Start with her correct conclusion that Plaintiff lacks standing. As Judge Christoff pointed out, it is Plaintiff’s burden to establish standing even though the Court construes his pro se pleadings liberally. (ECF No. 41 at PageID 707–08.) See Bradley v. United States, 402 F. Supp. 3d 398, 403 (N.D. Ohio 2019) (citing Lujan, 504 U.S. at 560). But Plaintiff fails to meet even that liberal burden here. As discussed, he cannot bring claims on his organization’s behalf. And he has alleged no personal injury that is separate and distinct from Daughters of Zion. See Canderm Pharmacal, Ltd. v. Elder Pharms., Inc., 862 F.2d 597, 602–603 (6th Cir. 1988) (“[A]n action to redress injuries to a corporation . . . cannot be maintained by a stockholder in his own name. . . . The general rule is applicable in cases where the individual is the sole stockholder.”);
Gaff v. Fed. Deposit Ins. Corp., 814 F.2d 311, 315 (6th Cir. 1987), modified at 933 F.2d 400 (6th Cir. 1991) (“A suit for damages arising from an injury to the corporation can only be brought by the corporation itself or by a shareholder derivatively if the corporation fails to act, since only the corporation has an action for wrongs committed against it.” (citation omitted)). The R&R also correctly concludes that “to the extent Kiner seeks to represent the Daughters of Zion in this litigation, he may not do so as a non-attorney.” (ECF No. 41 at PageID 710.) Cf. Zanecki v.

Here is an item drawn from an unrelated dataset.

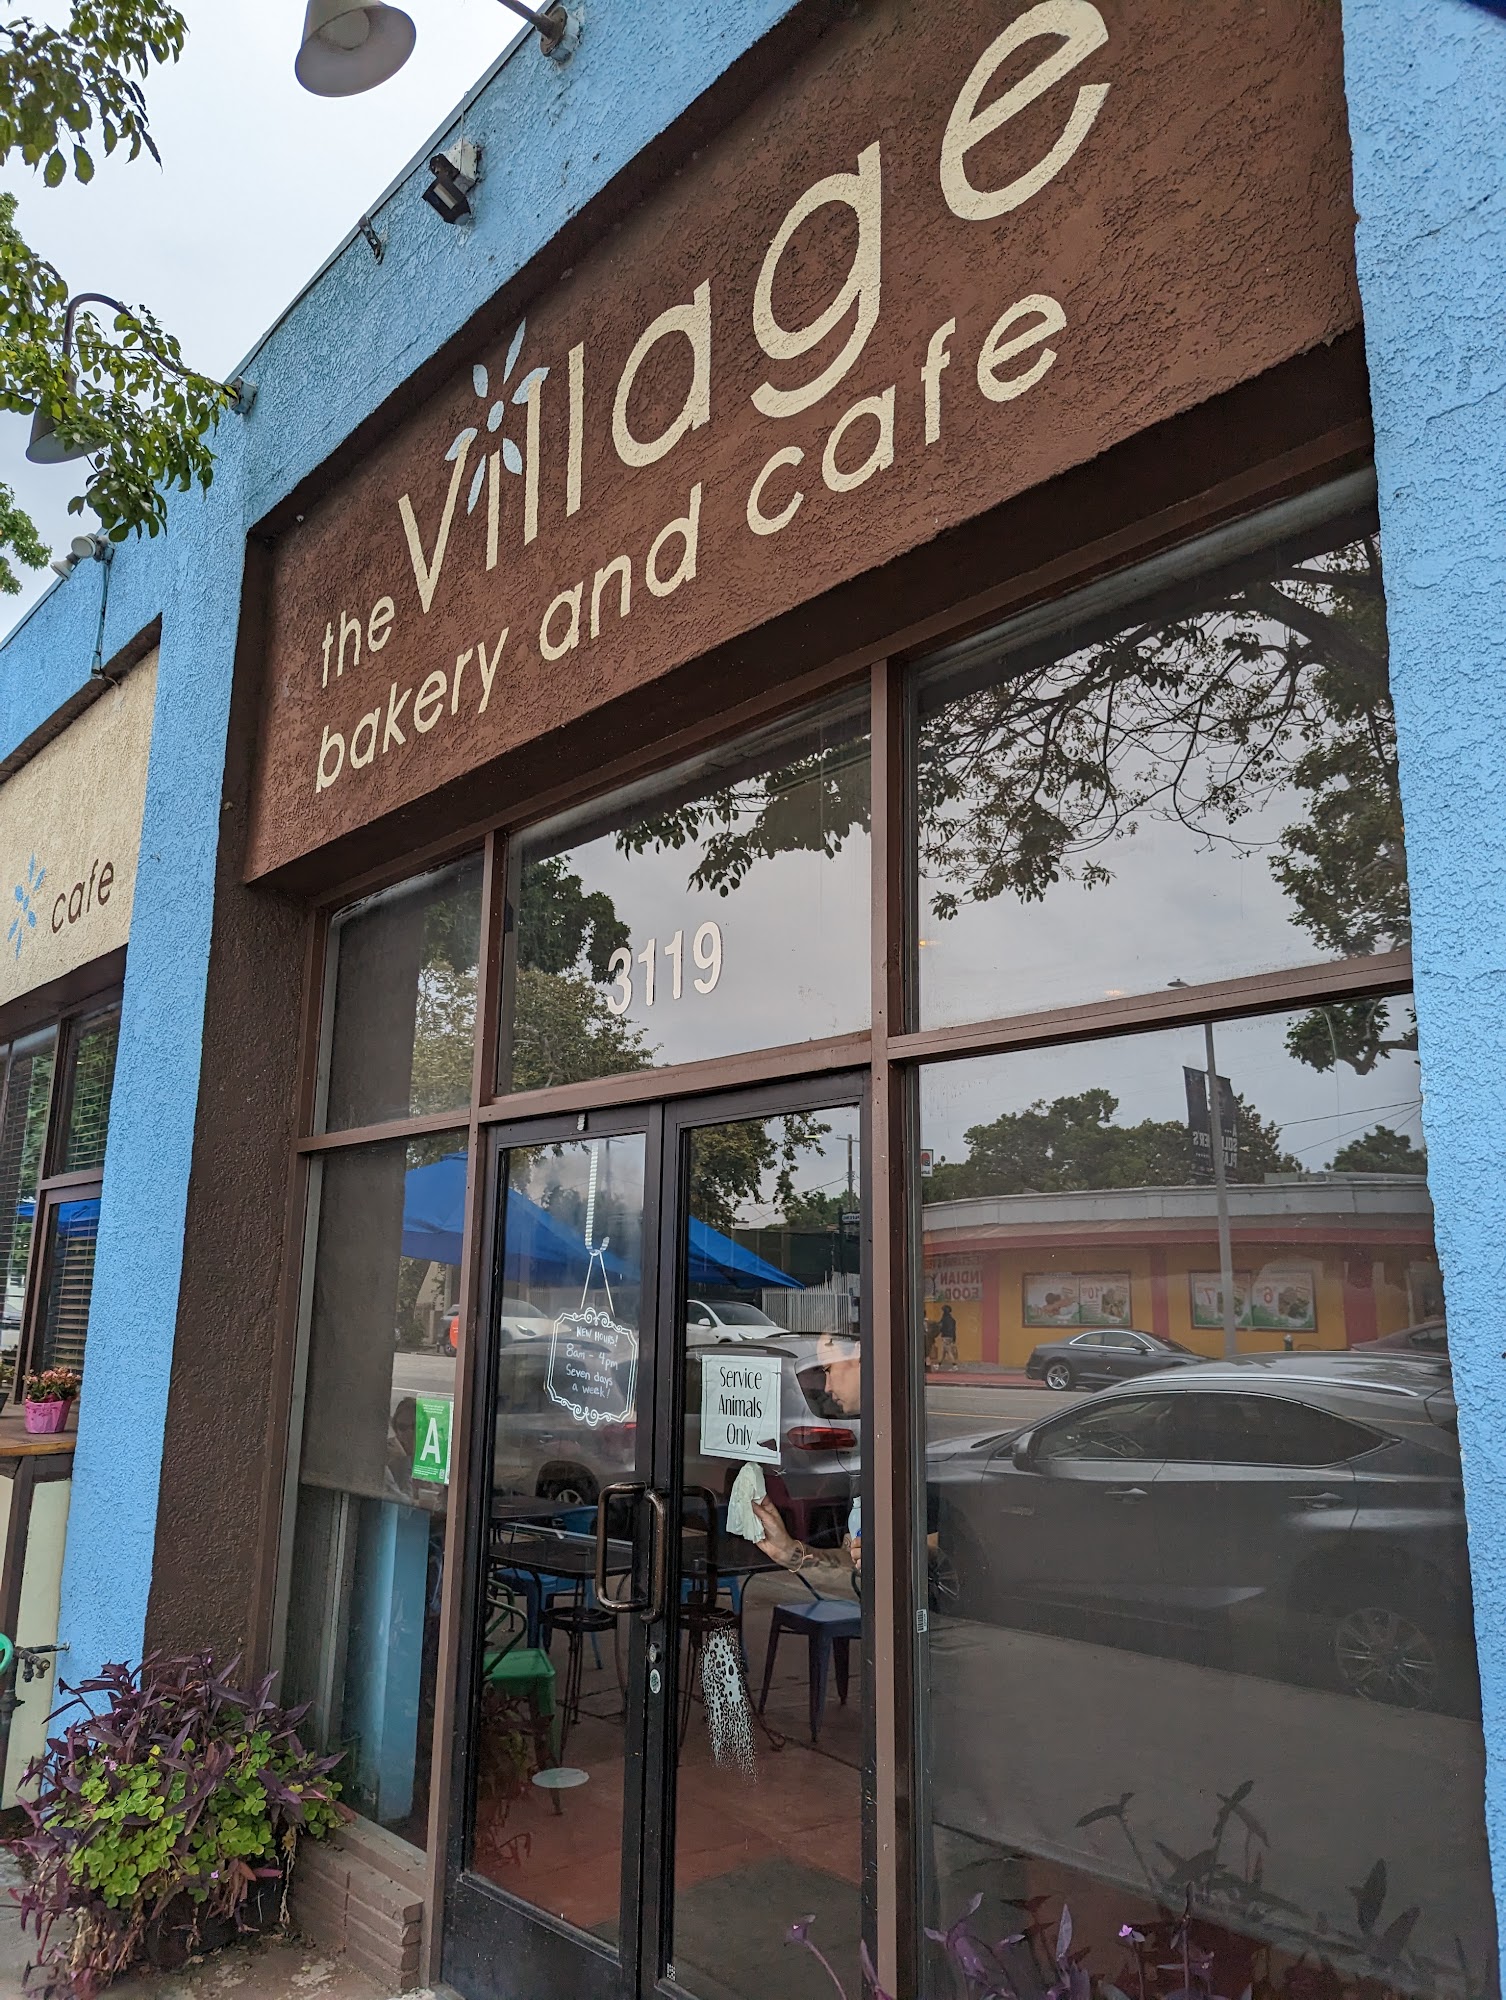 The Village Bakery and Cafe

Health Alliance Plan of Detroit, 576 F. App’x 594, 595 (6th Cir. 2014) (“The rule against non-lawyer representation “protects the rights of those before the court” by preventing an ill-equipped layperson from squandering the rights of the party he purports to represent.” (citation omitted)). Having found no clear error, the Court ADOPTS the R&R. CONCLUSION Having reviewed Plaintiff’s objections and the R&R, the Court agrees with Judge
Christoff and ADOPTS her recommendation. The Court therefore GRANTS the County’s Motion to Dismiss, DENIES Plaintiff’s Temporary Restraining Order as MOOT, and DISMISSES his Complaint WITH PREJUDICE.5 SO ORDERED, this 18th day of February, 2026. s/Thomas L. Parker THOMAS L. PARKER UNITED STATES DISTRICT JUDGE
5 The Court dismisses Plaintiff Gerald Kiner’s Complaint with prejudice because he cannot cure his standing defects. See Stanley, 105 F.4th at 867 (explaining that an amendment is futile if the proposed changes still would not allow the pleading to survive a motion to dismiss). The Court is not ruling on whether Daughters of Zion can bring claims in a separate lawsuit while being represented by an attorney. Cf. Last Minute Cuts, LLC v. Biddle, No. 18-2631, 2019 WL 6222280, at *2 (W.D. Tenn. Oct. 18, 2019), report and recommendation adopted, No. 18-2631, 2019 WL 6219544 (W.D. Tenn. Nov. 21, 2019) (“The appropriate response for a court presented with claims brought by a pro se litigant on behalf of some other person is generally to dismiss the claims without prejudice.” (citing Zanecki, 576 F. App’x at 595)).